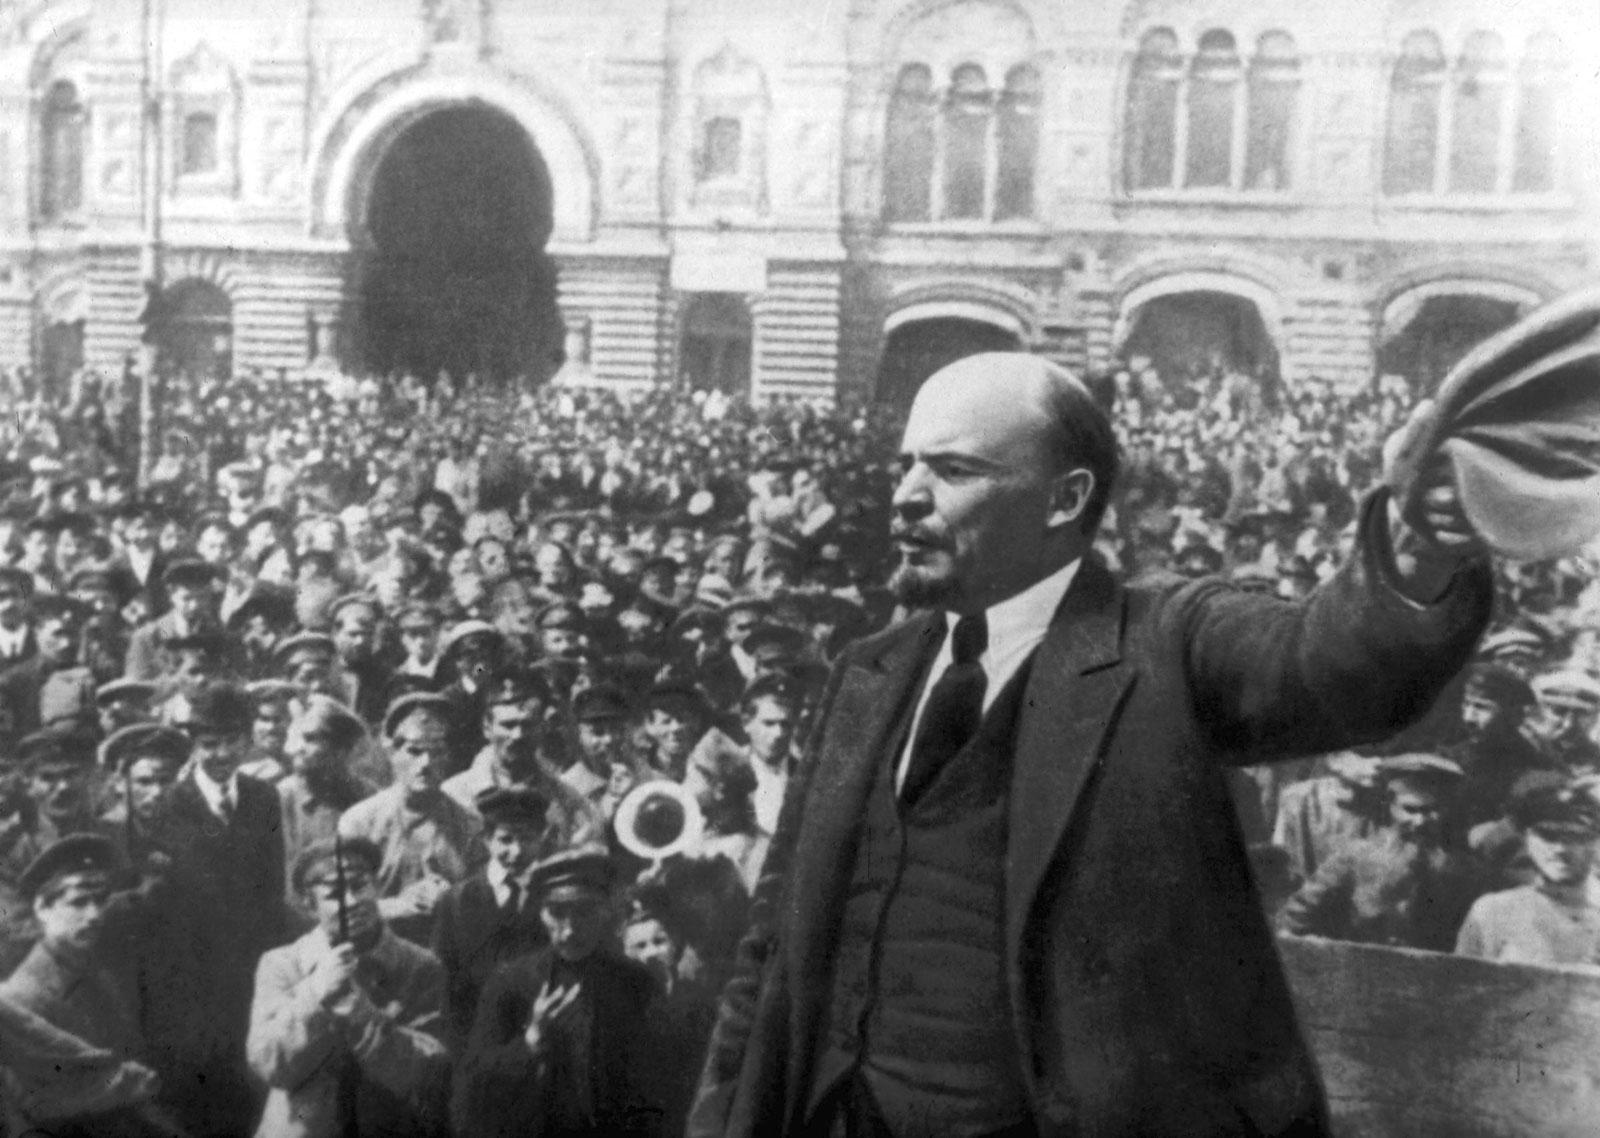 HISTORIA PROLETARIA: La Gran Revolución Socialista de Octubre
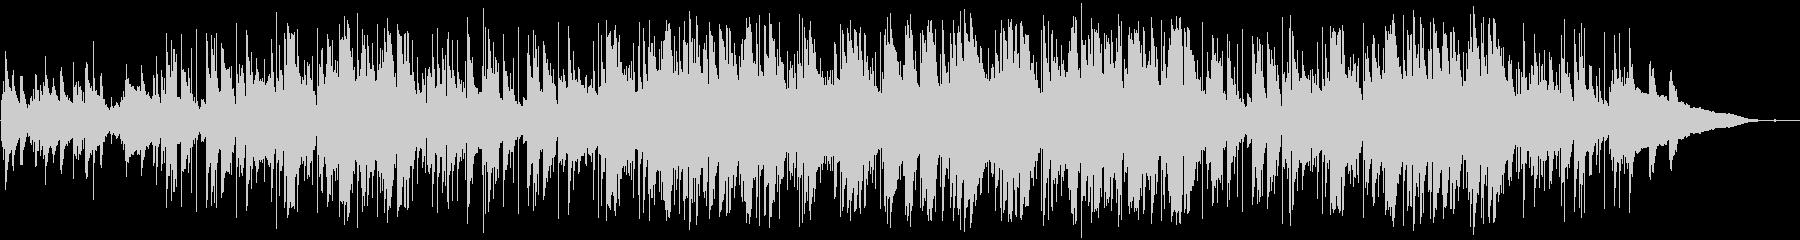 ほのぼのしたピアノとアコギのポップスの未再生の波形
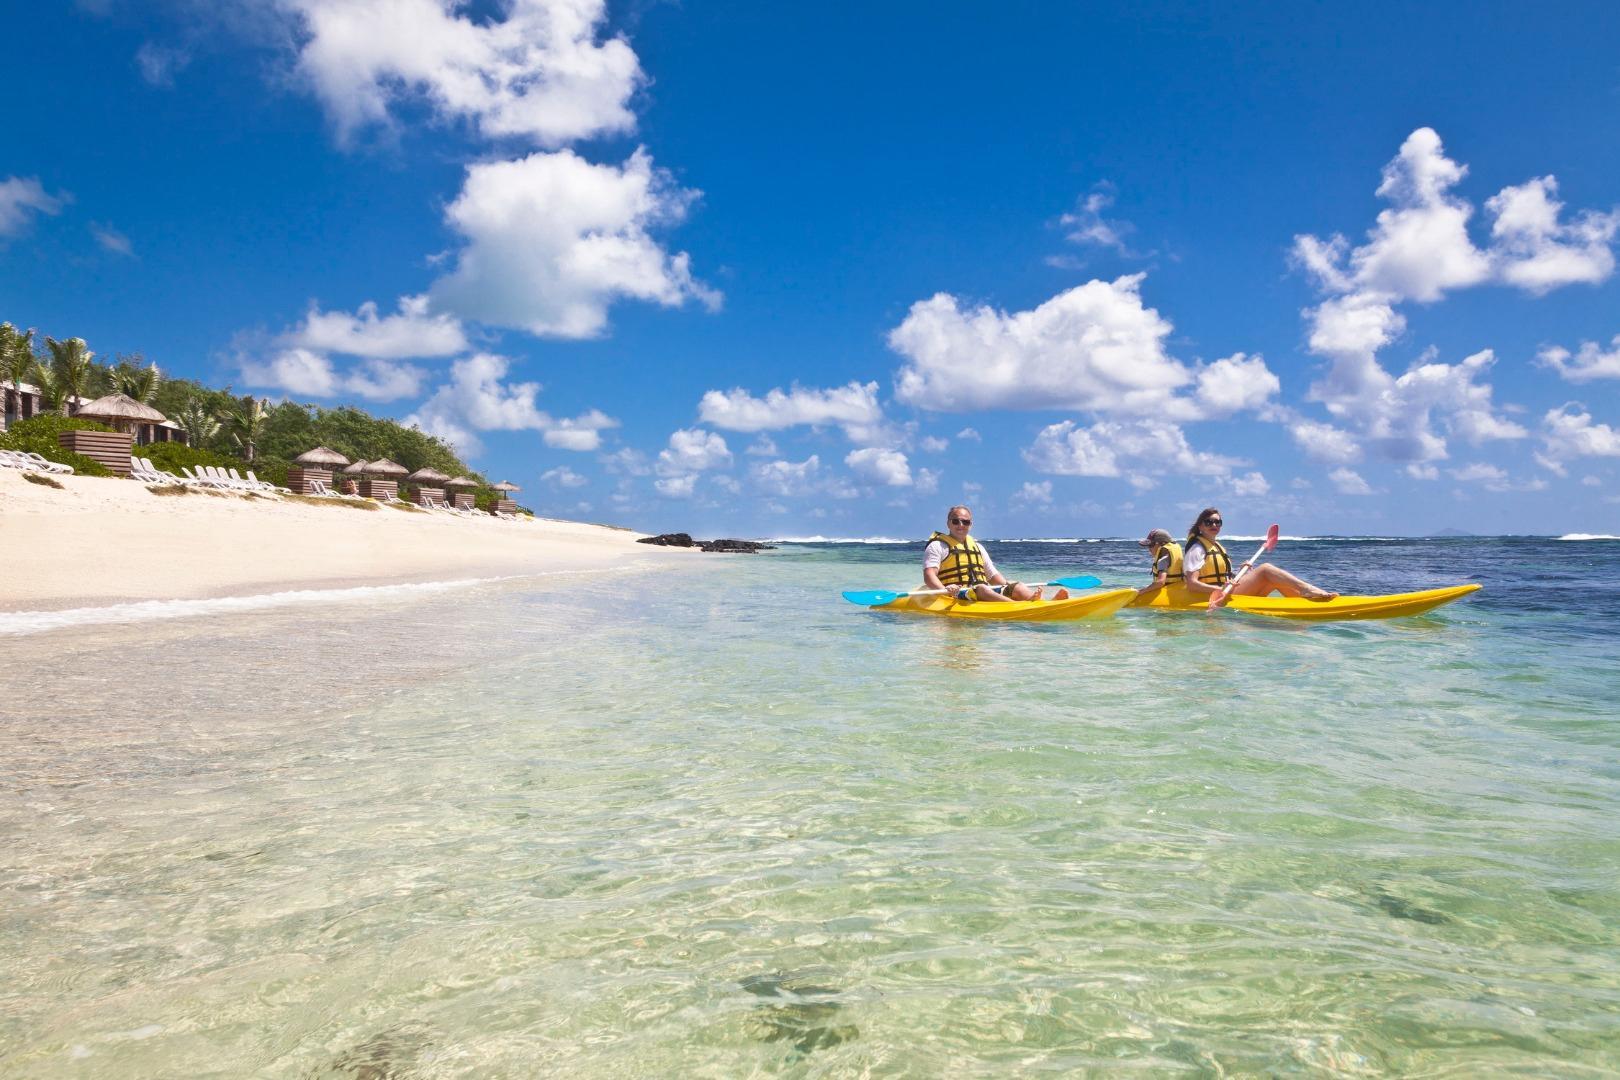 CRM Beach Activitiy
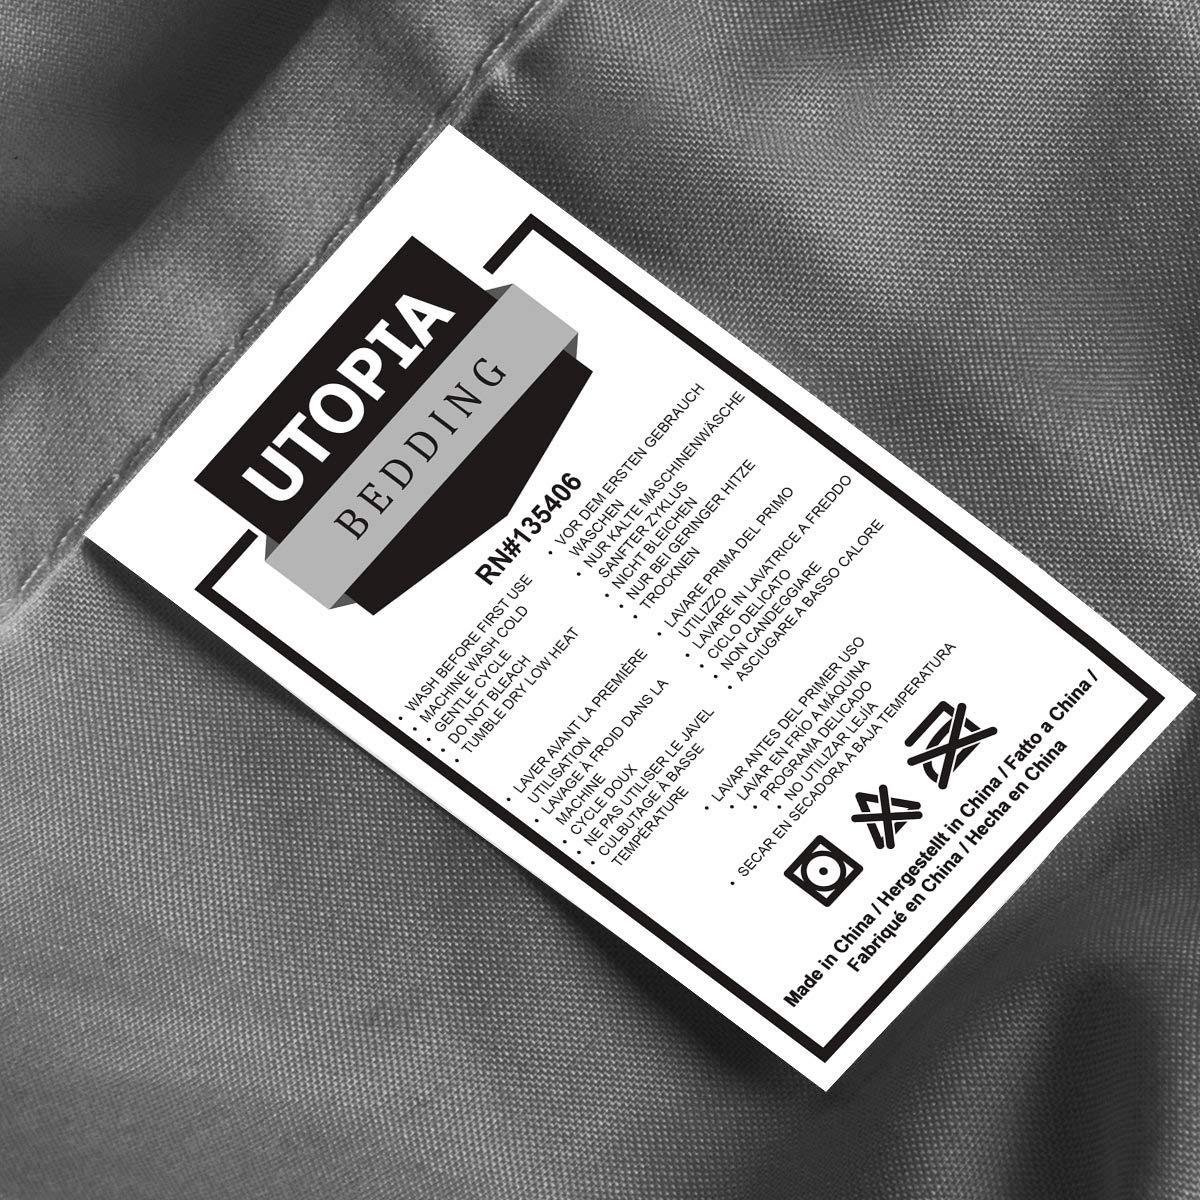 74fc7289c8 Utopia Bedding – Set Lenzuola Letto – Spazzolata Microfibra – (Grigio, Una  Piazza e Mezza). Ritorna alla pagina precedente. et-loader

**EXERCISE AIM**
All of the material must be repeated exactly in the answer, apart from the pictures.

**RESPONSE**
 HISTORIA PROLETARIA: La Gran Revolución Socialista de Octubre
 ほのぼのしたピアノとアコギのポップスの未再生の波形
 CRM Beach Activitiy
 74fc7289c8 Utopia Bedding – Set Lenzuola Letto – Spazzolata Microfibra – (Grigio, Una  Piazza e Mezza). Ritorna alla pagina precedente. et-loader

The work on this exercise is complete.